With these results, it's interesting to see that although `negamaxIDS` explored far less moves than `negamax`, it has a larger effective branching factor. This can potentially imply that `negamaxIDS` may actually be less efficient and require larger search spaces if the game trees it is searching are large enough and deep enough.

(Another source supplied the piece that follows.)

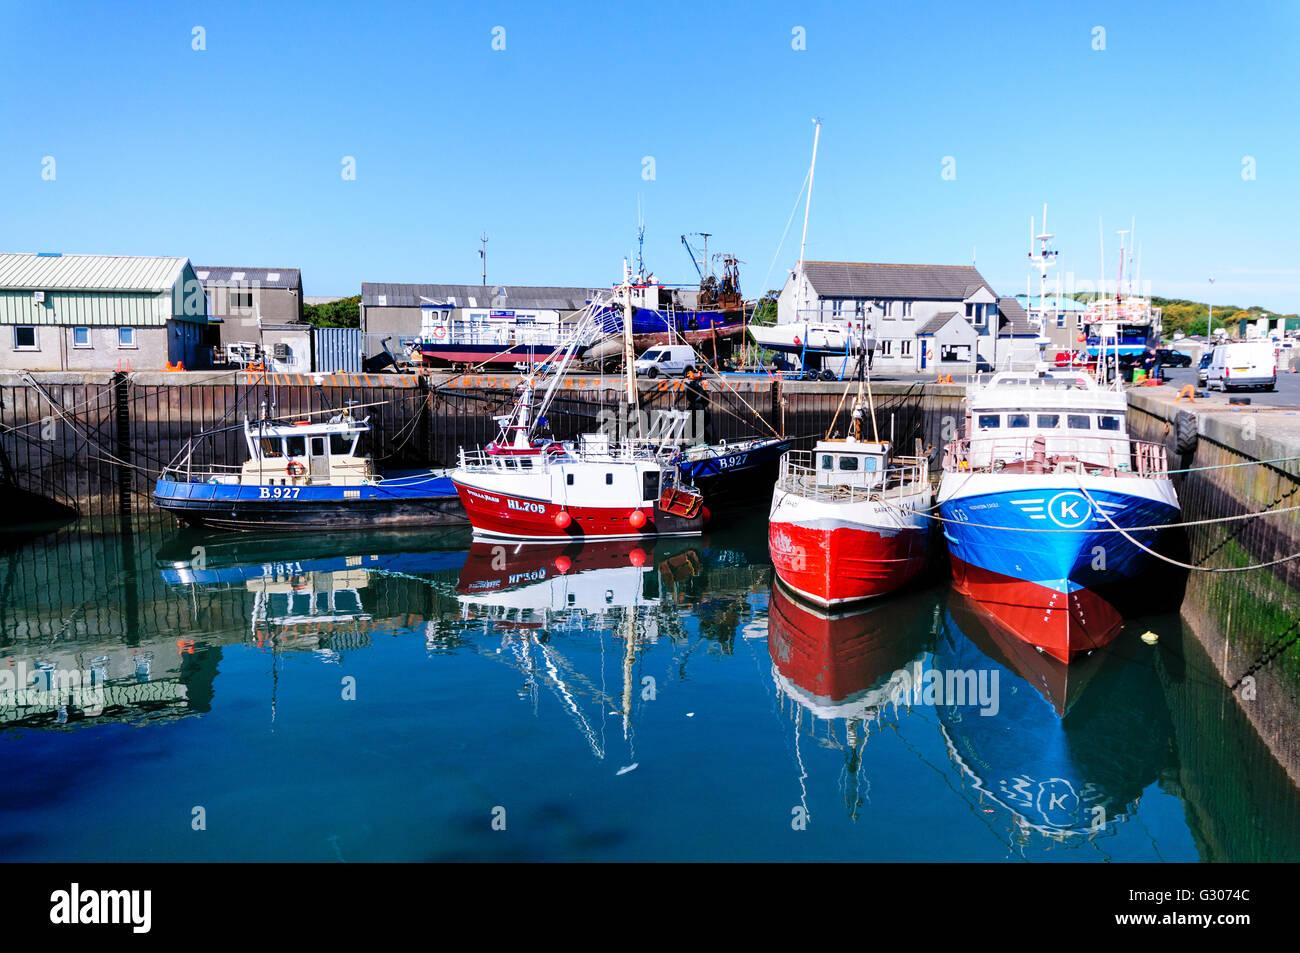 Trawlers berthed at Kilkeel Harbour, Northern Ireland - Stock Image
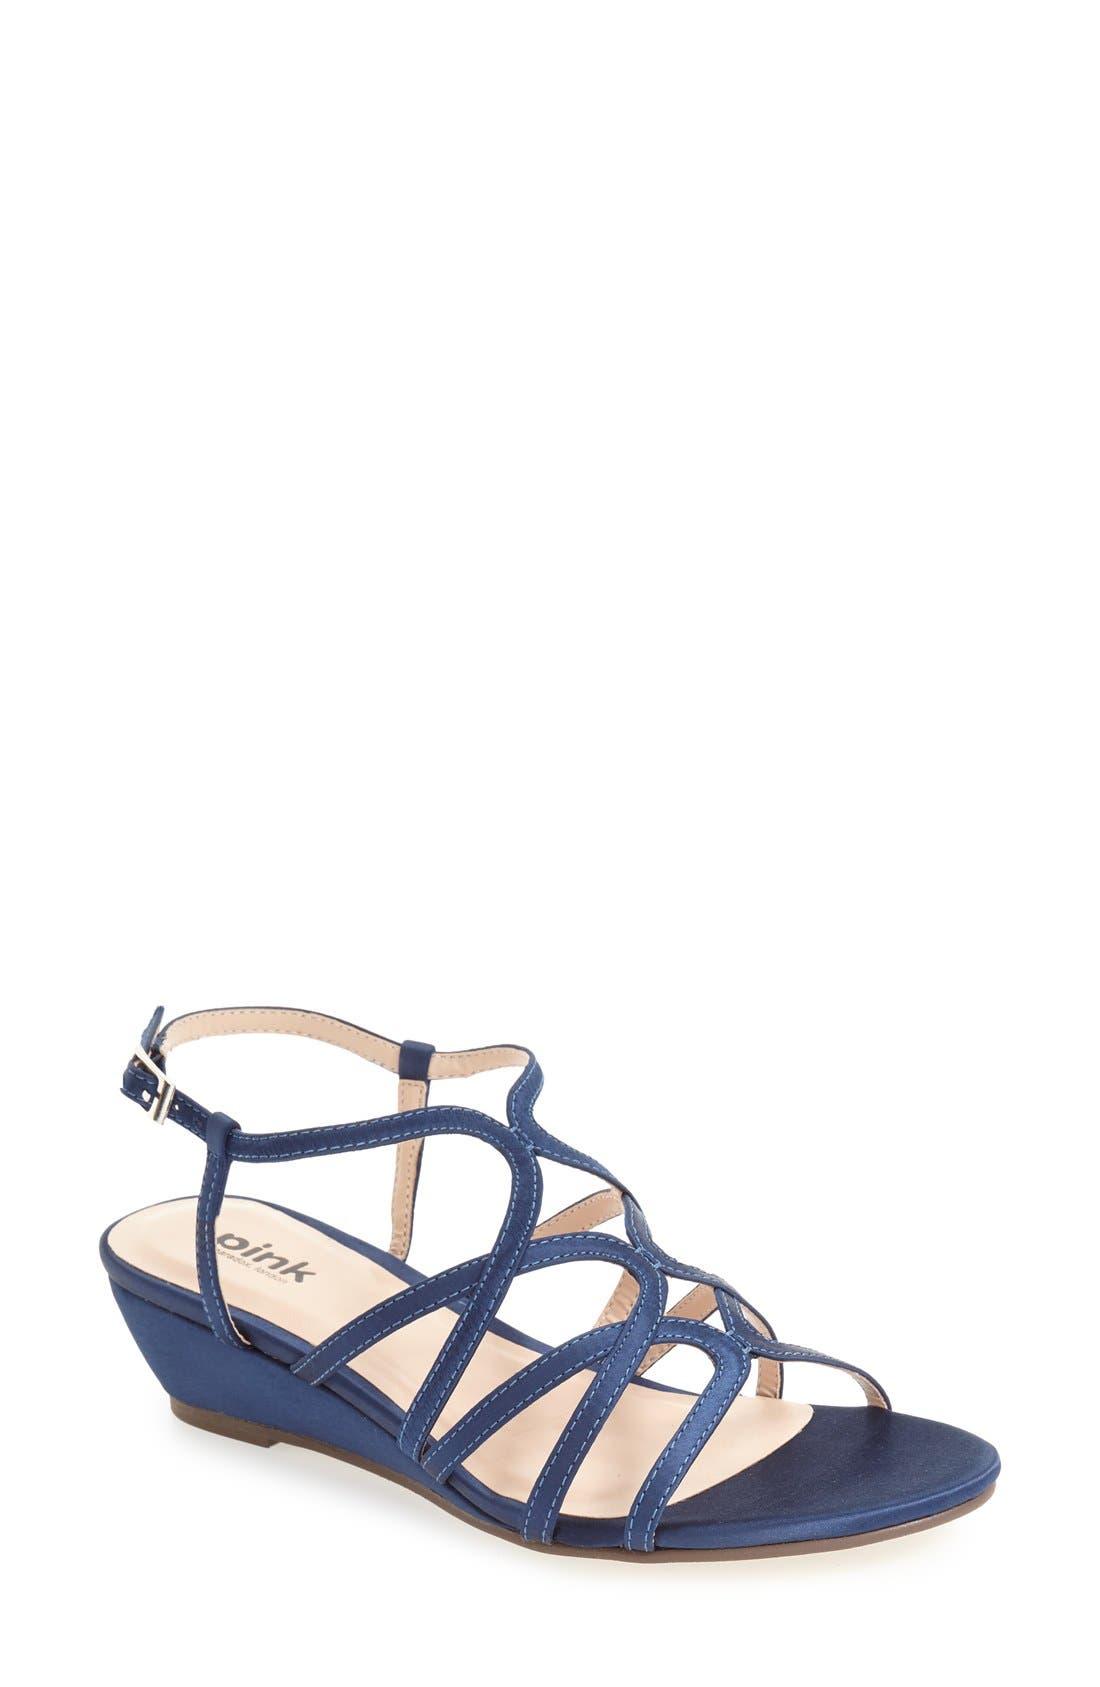 'Opulent' Wedge Sandal,                         Main,                         color, NAVY

Not surprisingly, alpha beta pruning yielded the best results. It found the quickest path to victory and explored far less moves than either of the other 2 algorithms. It's effective branching factor is also the smallest by an amount of 1 or more when compared to the other 2 algorithms. All this evidence points towards alpha beta pruning being a particularly effective method for reducing search time and space.

## Grading

In [13]:
%run -i A4grader.py


Testing negamax starting from ['O', 'X', ' ', 'O', ' ', ' ', ' ', 'X', ' ']

--- 10/10 points. negamax correctly returns value of 1

--- 10/10 points. negamax correctly explored 124 states.

Testing negamax starting from ['O', 'X', 'X', 'O', 'O', ' ', ' ', 'X', ' ']

--- 10/10 points. negamax correctly returns value of -1 and move of 5

Testing negamaxIDS with max depth of 5, starting from ['O', 'X', 'X', 'O', 'O', ' ', ' ', 'X', ' ']

--- 10/10 points. negamaxIDS correctly returns value of -1 and move of 5

Testing negamaxIDSab starting from ['O', 'X', 'X', 'O', 'O', ' ', ' ', 'X', ' ']

--- 20/20 points. negamaxIDSab correctly returns value of -1 and move of 5

Testing playGame with opponent that always plays in highest numbered position.
 | | 
-----
 | | 
-----
 | | 
Player X to 0 for score 0
X| | 
-----
 | | 
-----
 | | 
Player O to 8
X| | 
-----
 | | 
-----
 | |O
Player X to 2 for score 1
X| |X
-----
 | | 
-----
 | |O
Player O to 7
X| |X
-----
 | | 
-----
 |O|O
Player X to 1 for 

## Extra Credit 

I really want to implement at least one of the assignment's extra credits. This class is cool and I like playing around with different things, particularly games. Unfortunately it seems I've bitten off a little more than I maybe should've this semester and I only seem to have time to do the base assignment.